What i think he is trying to tell you, and something i agree with, is that a machinist who knows what he's doing knows how to deal/compensate for the fluctuations in temperature and thermal expansion. This is why metrology, has a reference temperature.


----------



## wrmiller (Feb 12, 2016)

Thank you Dan. 

I misunderstood the first comment and thought we were talking about how the expansion/contraction of the lathe doesn't justify a 1 micron scale, then we shifted to the dynamics of the material being cut, and then to someone's claim (not mine) to hold a tenth? Figured I'd just stop there.

It's all good.


----------



## Jim Wilson (Feb 12, 2016)

Thanks for all the responses , they helped.  Given the mill I'm putting these on , the type of work I'll probably do with it (likely not high tolerance stuff) - and the cost , I will go with the lower resolution scales and save a little bit of cash.


----------



## wrmiller (Feb 12, 2016)

You will like having the DRO. Makes many things easier and can help prevent the scrap pile from growing too fast. Above all, have fun.


----------



## jbolt (Feb 12, 2016)

Even with a DRO I always use test indicators for high precision work.


----------



## petertha (Feb 14, 2016)

Not sure about the PM mill but I have a somewhat similar Taiwan RF-45. One thing I noticed when I installed DRO with 0.0005" display is the simple action of tightening the table lock screws made the table moved like +/- 2-thou. (Nothing like a DRO to see what really going on!).

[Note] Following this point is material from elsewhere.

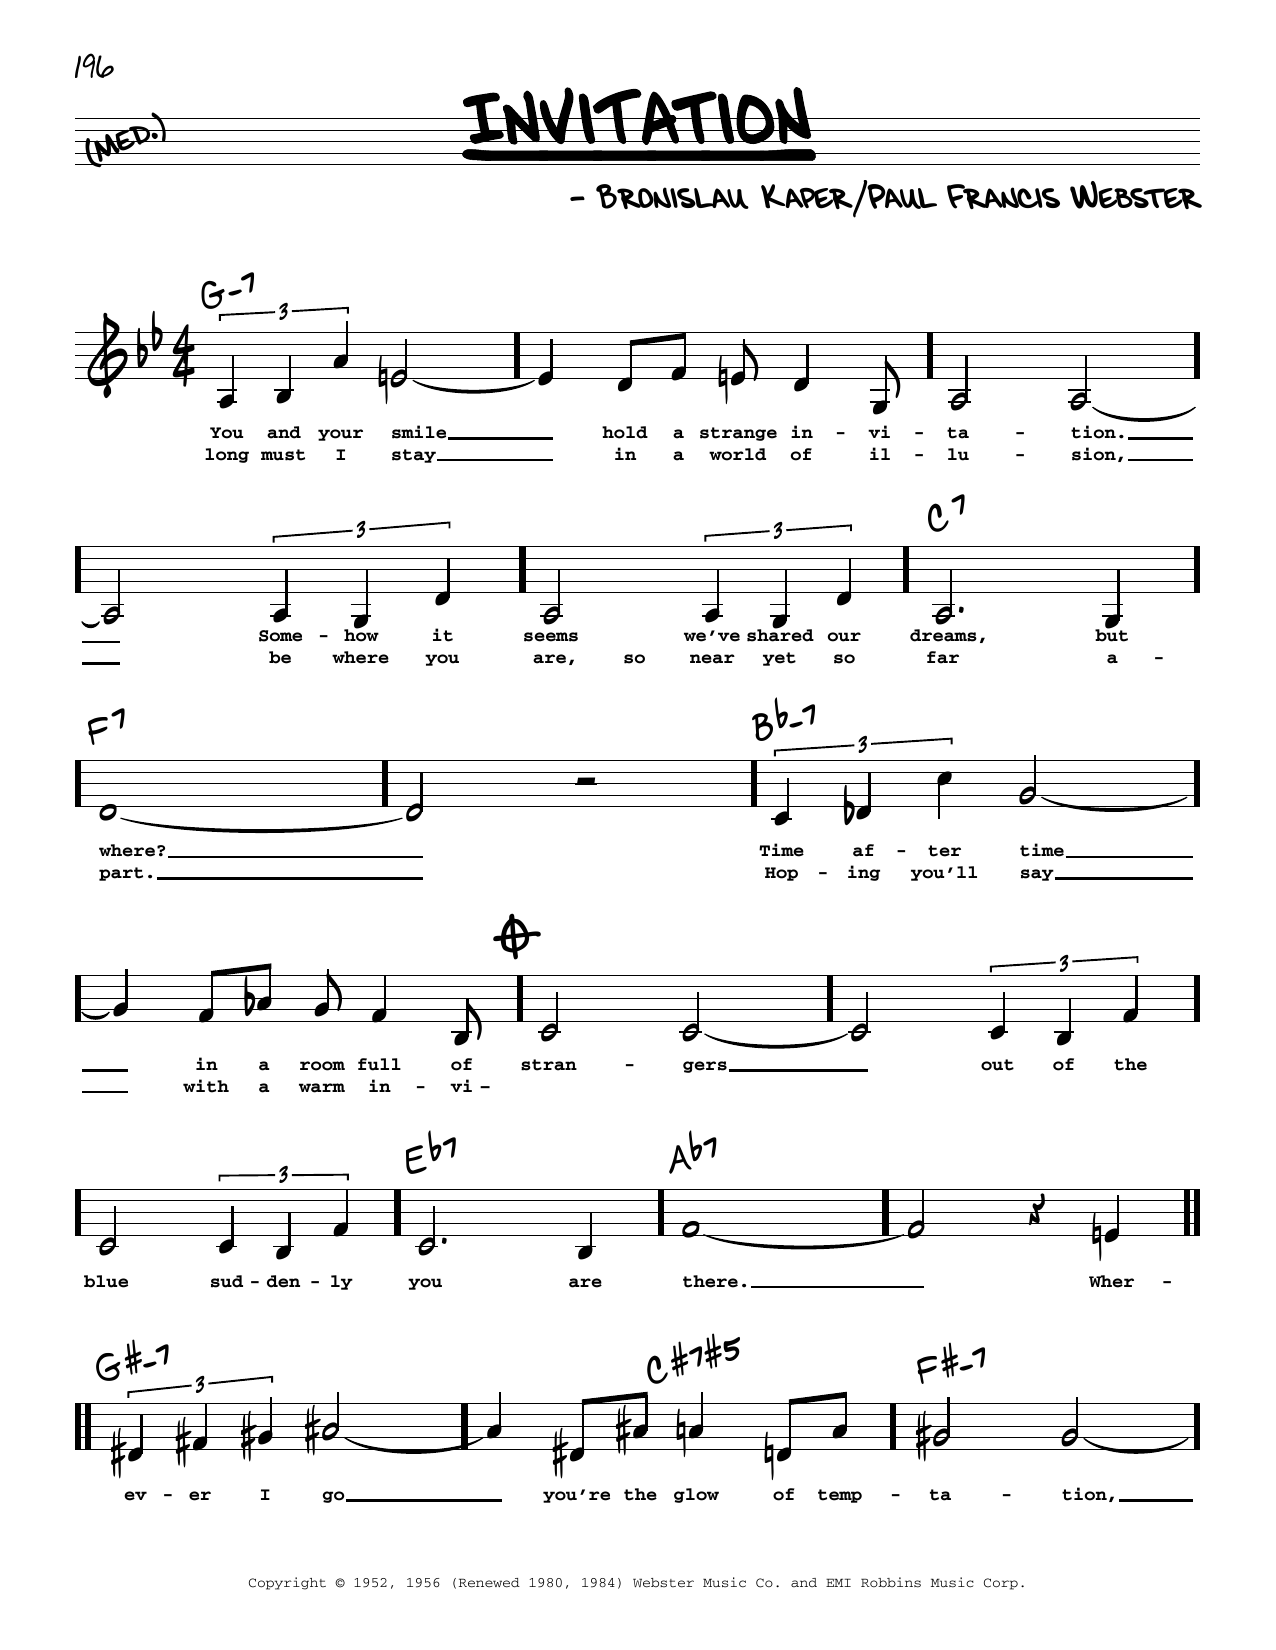 Paul Francis Webster Invitation (Low Voice) sheet music notes printable PDF score

The root of this evil is the torque action of the set screw can impart a slight linear displacement to the table itself. Then you chase your tail for a few more iterations trying to get it clamped to a DRO position. Also the gib strip tends to get marked up with little set screw arcs. Not a great design.

My solution was to make a ~0.5" insert part from brass rod. It goes in the set screw hole first & contacts the gib strip with a face machined to the same dovetail angle. On the other (set screw side) it has a 60-deg center drill relief. The tightening bolt is modified with a similar center drill & ball bearing locktited on the end. Now the screw pushes on the insert part with nill rotation & the matching angle face gives more perpendicular clamping force without all the unwanted junk action. Made a world of difference.

One thing I didn't think about was removing the part from the hole. Turns out I could expose the hole by moving the table. But in hindsight, maybe thread the end? Chewing gum on a stick?


----------